I was listening to an excellent podcast from The Economist recently (Boss Class) around vibe coding and one thing really stood out. One of the theories / reasons why Software Development seems to have been one of the main focuses of AI developments over the last year or so is that unlike other industries it is verifiable.
Code is a verifiable domain. There are ways to see if code is working and test it, such that the model can take that as a feedback loop and essentially get better in this domain.
Sarah Guo
Feeling the vibe – Boss Class
In addition to publicly available code for the models to train on, we get a feedback loop that can be tested and iterated on.
The key component to all this is tested. Now a lot of vibe coded stuff is likely to be a very good MVP but could you ship it? Is it secure? Does it meet user needs? Does it meet legal requirements (GDPR, Safety)? Is it accessible?
A long time ago in a galaxy far, far away I worked alongside a lot of very good Ruby on Rails developers as well as a lot of very good UX Designers and there were a lot of ‘tests’, both computer and user centred.
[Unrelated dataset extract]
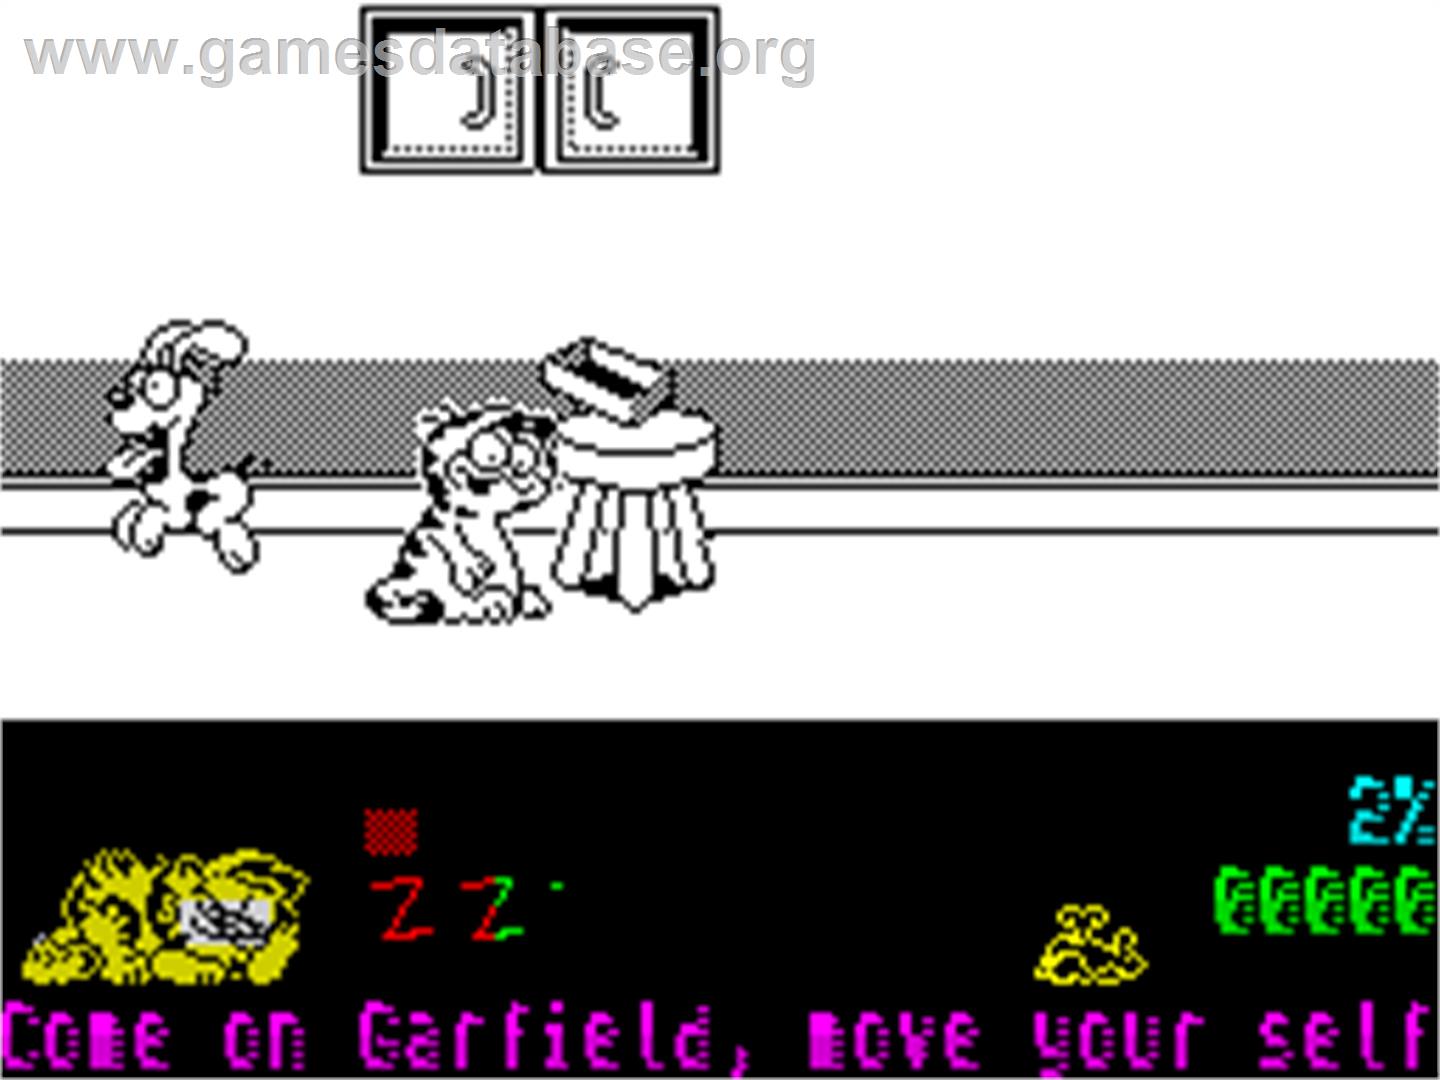 Garfield: Big, Fat, Hairy Deal - Sinclair ZX Spectrum - Artwork - In Game

Both were written in a human readable form:
Ruby on Rails development
Behavior-driven development (BDD ), often using frameworks like Cucumber or Beha
Scenario: I can create a discussion in a group when I am a group member
Given I am logged in
And a group with title "Ruby" exists
And I am a member of the group "Ruby"
When I create a discussion within the group "Ruby" with the title "Writing tests"
And I visit the group with title "Ruby"
Then I should see the discussion "Writing tests" is within the group "Ruby"
UX Discovery
The same readable, natural language approach showed up on the design side too:
User Stories – short statements about features – effectively acceptance criteria to measure success – written from a user’s perspective, for example:
As a < type of user >, I want < some goal > so that < some reason >.
As a < WHO >, I want < WHAT > so that < WHY >.
As a < type of user >, I do < WHAT > and expect < WHAT >.
As we often worked with Agile UX methods, we would include designers and developers in the process, and by understanding the user need we could build more effective products.
By writing out tests and baking this into acceptance criteria in Kanban style project management we were able to make sure accessibility was not an afterthought but integrated into the process:
As a blind user, I want to enter my birth year directly so that I don’t have to navigate through every option in a dropdown list.
Also for security, we can bake in expected fail scenarios
@security-critical
Scenario Outline: Block various path traversal attempts
When I try to run "mkdir"
Then the command should fail
And the output should contain ""
The reason we did this was not just because we wanted secure, performant code. We wanted to meet the user need, but by using natural language in our tests, informed by user stories also written in natural language, we were able to better meet the needs of the actual users of the product – not just something that was wished into existence based on a “Make me a Spotify of xyz”.
In the world of Gen AI development that also uses natural language for its prompts, these methods can greatly improve the output as we can create and run new tests as each new feature gets added from a backlog / PLAN.md file.
Consider this approach to developing something from a single prompt or a plan:
## Custom Command: /red-green-refactor
During this session we will practice TDD in the red-green-refactor cycle.
Rules:
1. First write a test for the smallest possible unit of functionality.
2. Run the test and it should fail (red).
3. Write the minimum code to make the test pass (green).
4. Refactor for readability and maintainability (refactor).
5. If more than one test fails, focus on the single most important failure and run only that test until it passes.
6. Do not use TODO tools or long-term plans; rely on the human for the next step.
Output discipline:
- Label each response as RED, GREEN, or REFACTOR.
- Explain why the step is in that phase.
Personally I’ve found this really useful, it’s based on Kent Beck’s Test Driven Development which he even admits was a rediscovery from earlier methods of testing expected outcomes in the age of tape.
I’ve noted the AI agent tends to pick up more mistakes as it has to run various scenarios which might break as we add more complexity, reducing context bloat and the iceberg effect.
TL;DR I’d rather spend ten minutes writing a scenario in plain English than an hour debugging something that was never tested against a real user need to begin with.
The full flow as such would be:
User stories (WHY)
→ BDD scenarios (WHAT, in natural language)
→ TDD red-green-refactor (HOW, one test at a time)
→ Agent implements minimum code
→ Suite stays green